Maybe a README file should be added in the release artifacts? With a link to this repository, a brief explanation of the artifact structure and a note about compatibility considerations.

--

I'm disposed to make changes. :smile:

rdbo commented 7 months ago

Great commit :100: Notes:

As for the potencial issues:
- I'll try to figure out about the runtimes issue on Windows
- I think automatic builds on release + manual builds for testing is good enough
- If no solution is found about the runtime issues, we can add a README to inform the user
nathan818fr commented 7 months ago

A final comment, even if the commit has been merge, if ever some comes here...
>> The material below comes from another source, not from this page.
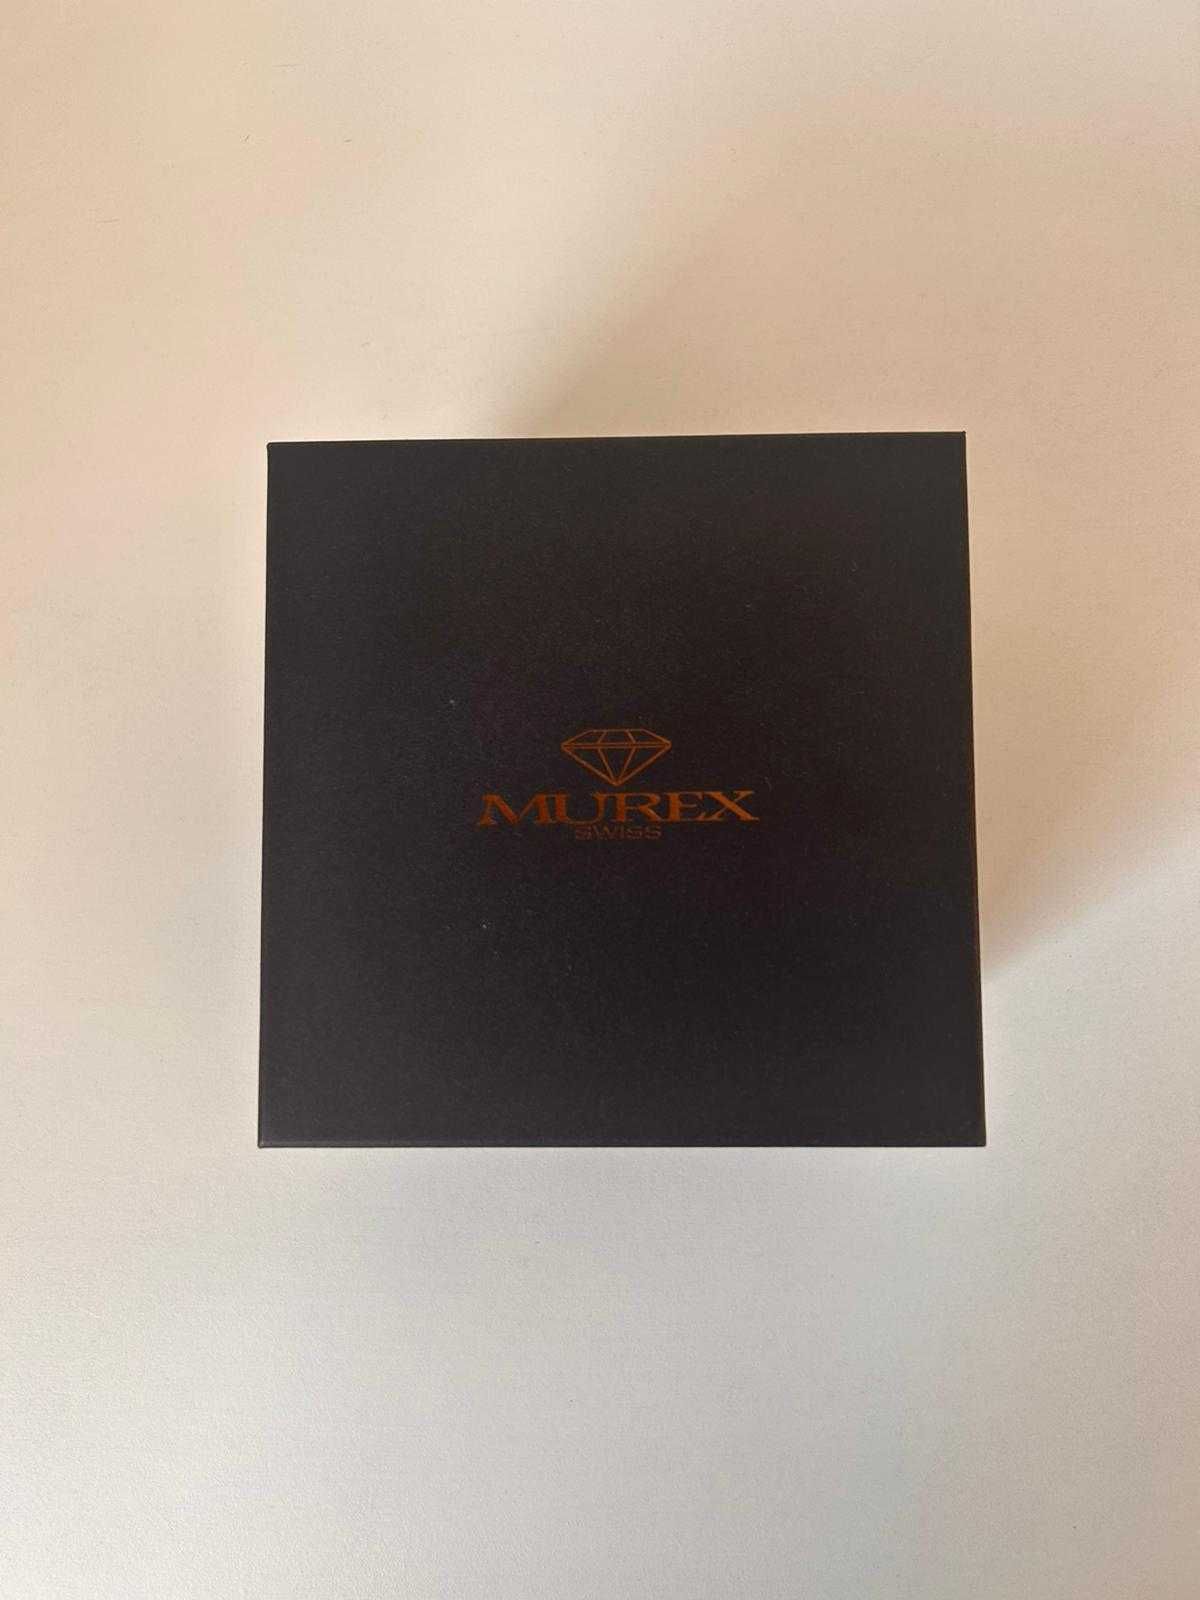 Relógio Murex MUC590-SR-9 NOVO com caixa e certificado

In the end: The term "platforms" has been changed to "targets", and artifacts have been split to include either the static version or the shared version. And for Windows, there are even 3 targets to divide by the used runtime library: shared-md, static-md and static-mt (shared-mt is not required as you can safely link to it from an MT project).

Consequently, there are more concurrent runners and the execution time has dropped from ~32 mins to ~12 mins.